All metacharacters, eg ^ and $, are punctuation, and all escape sequences consist of \ followed by A-Z, a-z or 0-9. If you see \ followed by any character other than A-Z, a-z or 0-9, you know that it's a literal, eg \$ is a literal.

If you saw \< you might think that it's also a literal, perhaps because < itself is a metacharacter. The escaping would be inconsistent.

I think that \< and \> may have originated with the BRE syntax in which ( and ) are literals and \( and \) are for capturing.
2 Likes

I think that \' and the backtick equivalent (which I can’t even work out how to type in Markdown :slightly_frowning_face:) are ugly and awkward to type. So regardless of what the standards end up as, I’d want \A and \z in Python[1].


  1. If the glibc version got standardised, I’d reluctantly accept having it as well, as a discouraged version available for compatibility only, but that’s as far as I’d go. ↩︎

1 Like

@msbrown, Tcl also uses \Z. Contact them.

For backward compatibility, we can only use \ followed by a Latin letter, because \ followed by non-letter and non-digit character is often used in regular expression with meaning of the literal character. For many character (., ?, (, [, etc) this is necessary, for other (', ", /) it may be necessary due to the syntax of programming language in which the RE is embedded, and the rest are often escaped just because the author was not sure whether it was necessary. So \ followed by a Latin letter, is the only option.
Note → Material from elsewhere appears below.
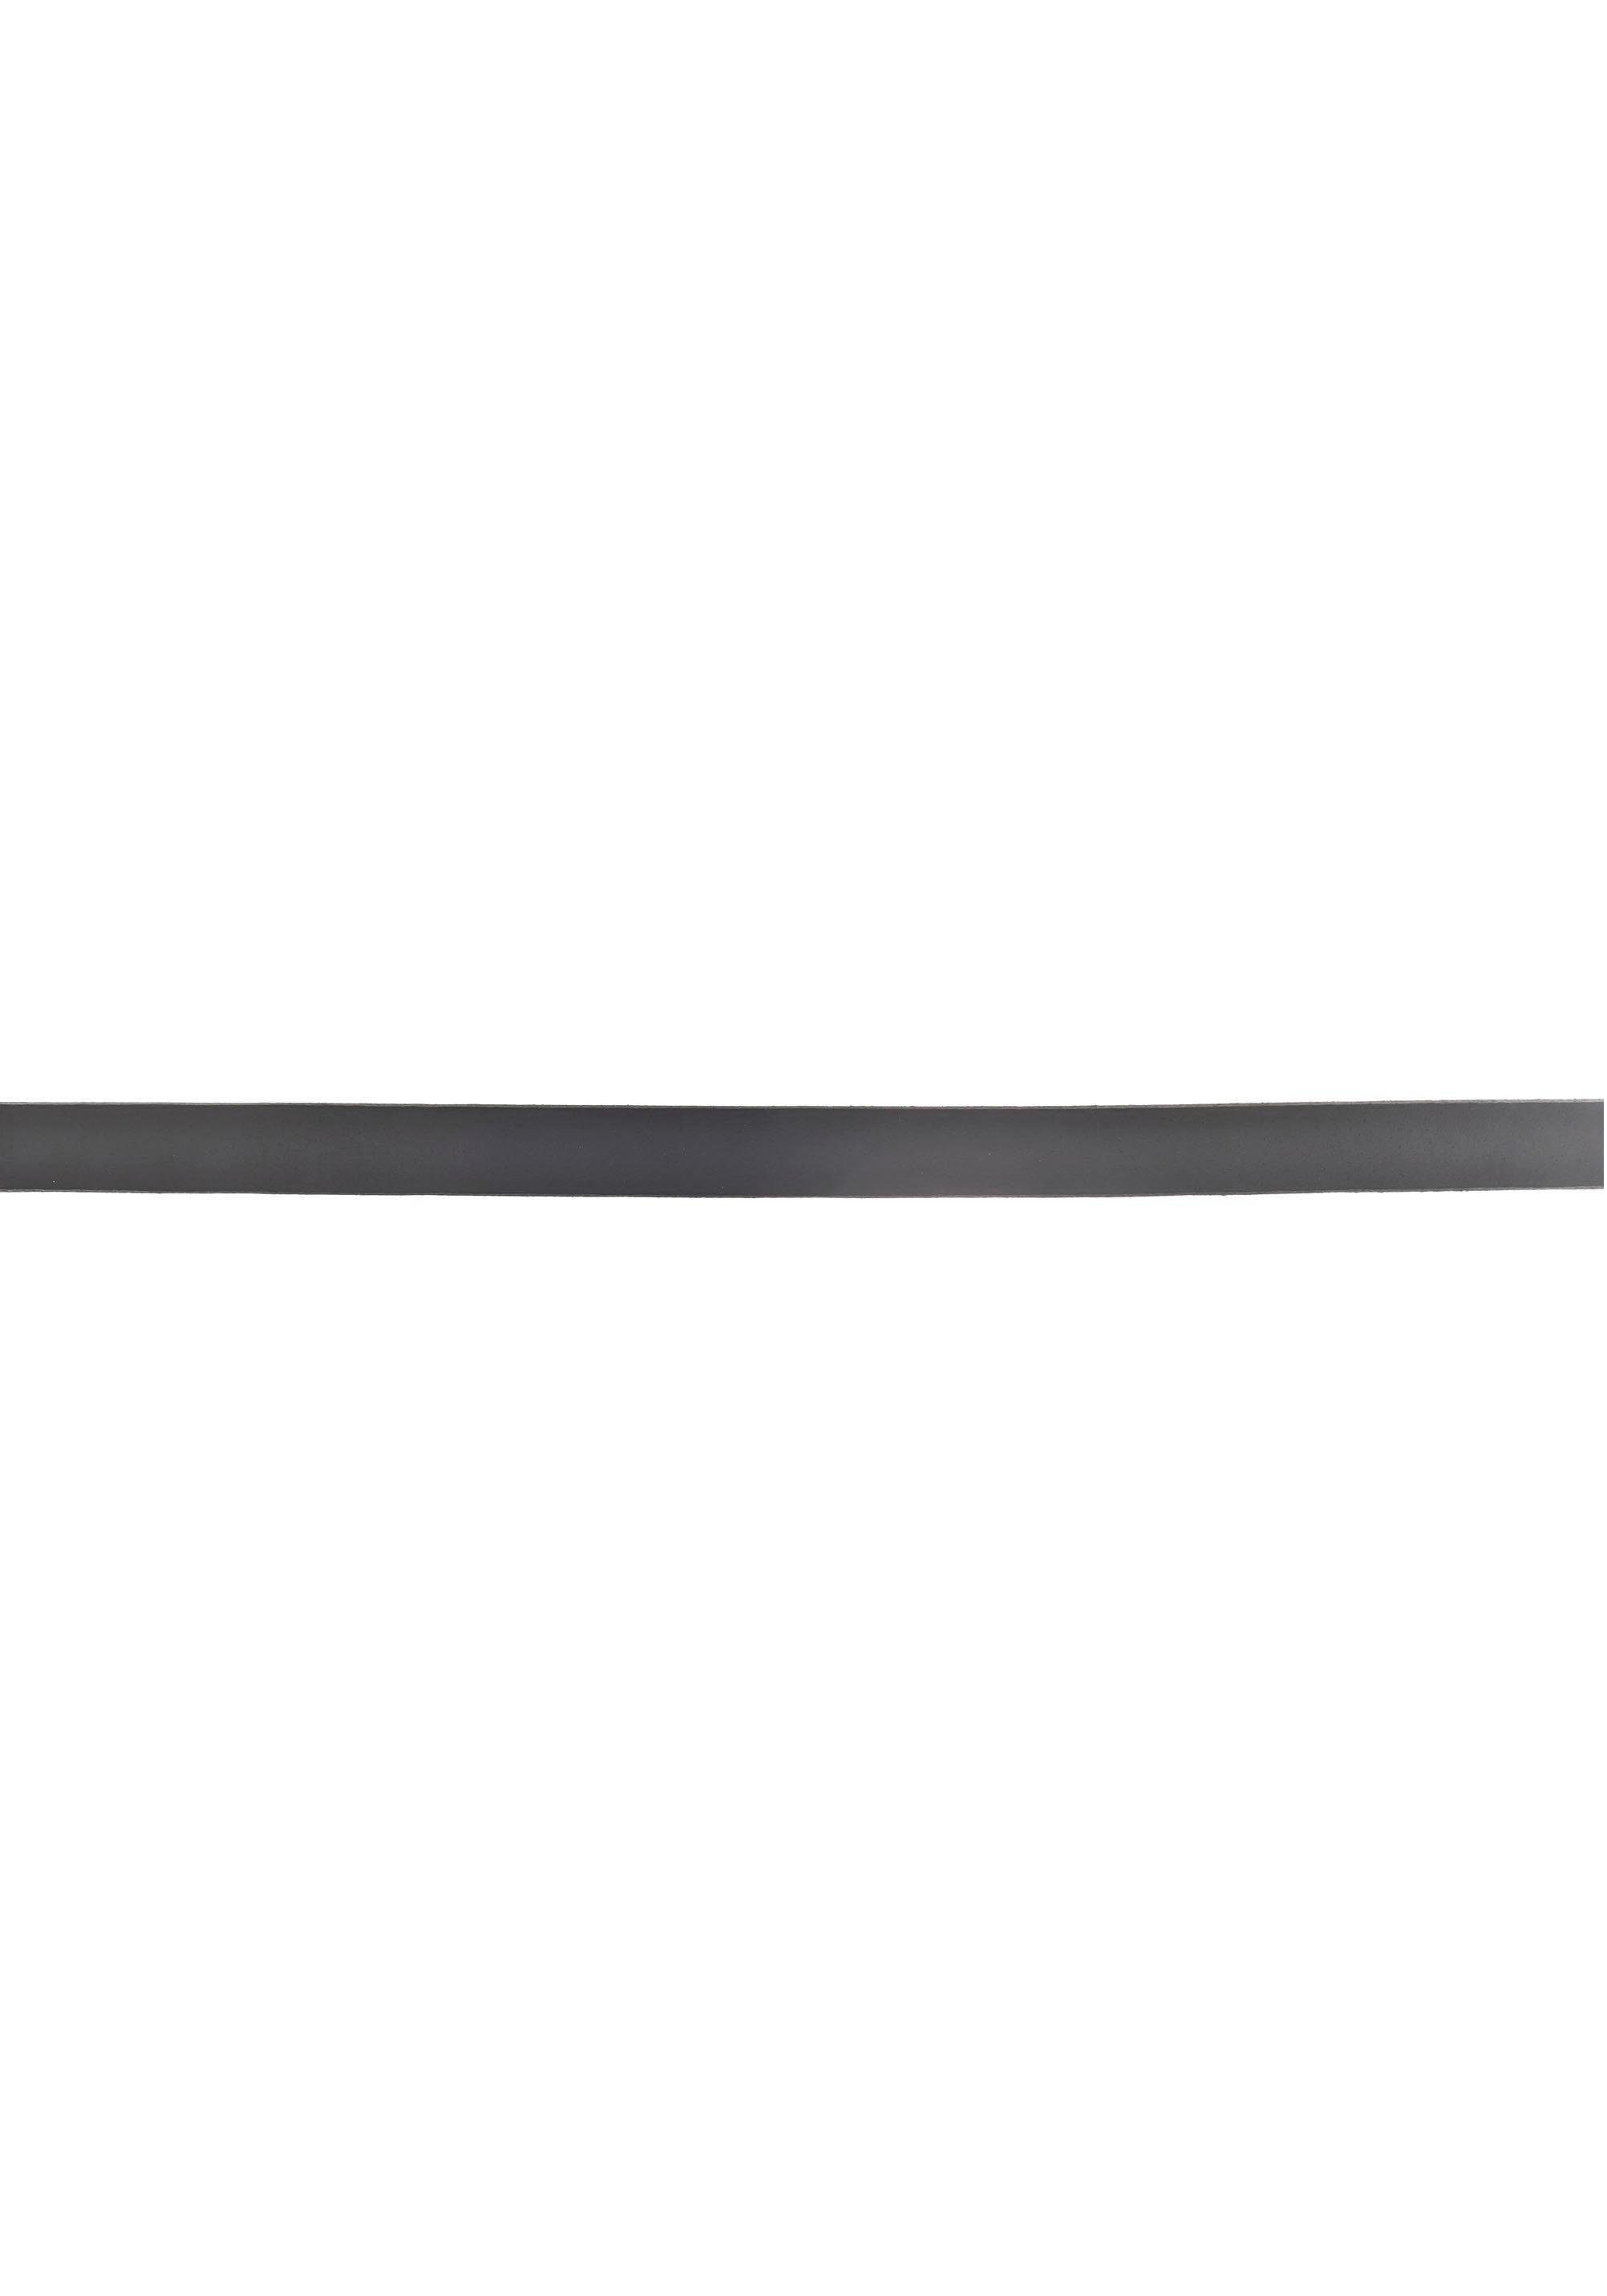 Vollrindleder schwarz mit Vanzetti hoher Ledergürtel Farbbrillanz

Other option is to use the (? prefix (you need also the closing ) for readability). But it is too verbose for anchors.

I agree that \' and \` are best avoided, regardless of if we adopt \z. The trick to typing is adding an extra ` and surrounding the inner part with spaces (i.e. `` \` ``), but this isn’t obvious!

That discussion was started by one of my peers on the Austin Group, part of the same rationalization attempt…

Will do, I’ll let out committee know.

That discussion was started by one of my peers on the Austin Group, part of the same rationalization attempt…

Thanks! I just wanted to make sure the disagreements were known before moving forward. I don’t have super strong opinions on it, but I was sympathetic to \` and \' since glibc, FreeBSD, and boost already support them. But likewise \z is supported by many languages.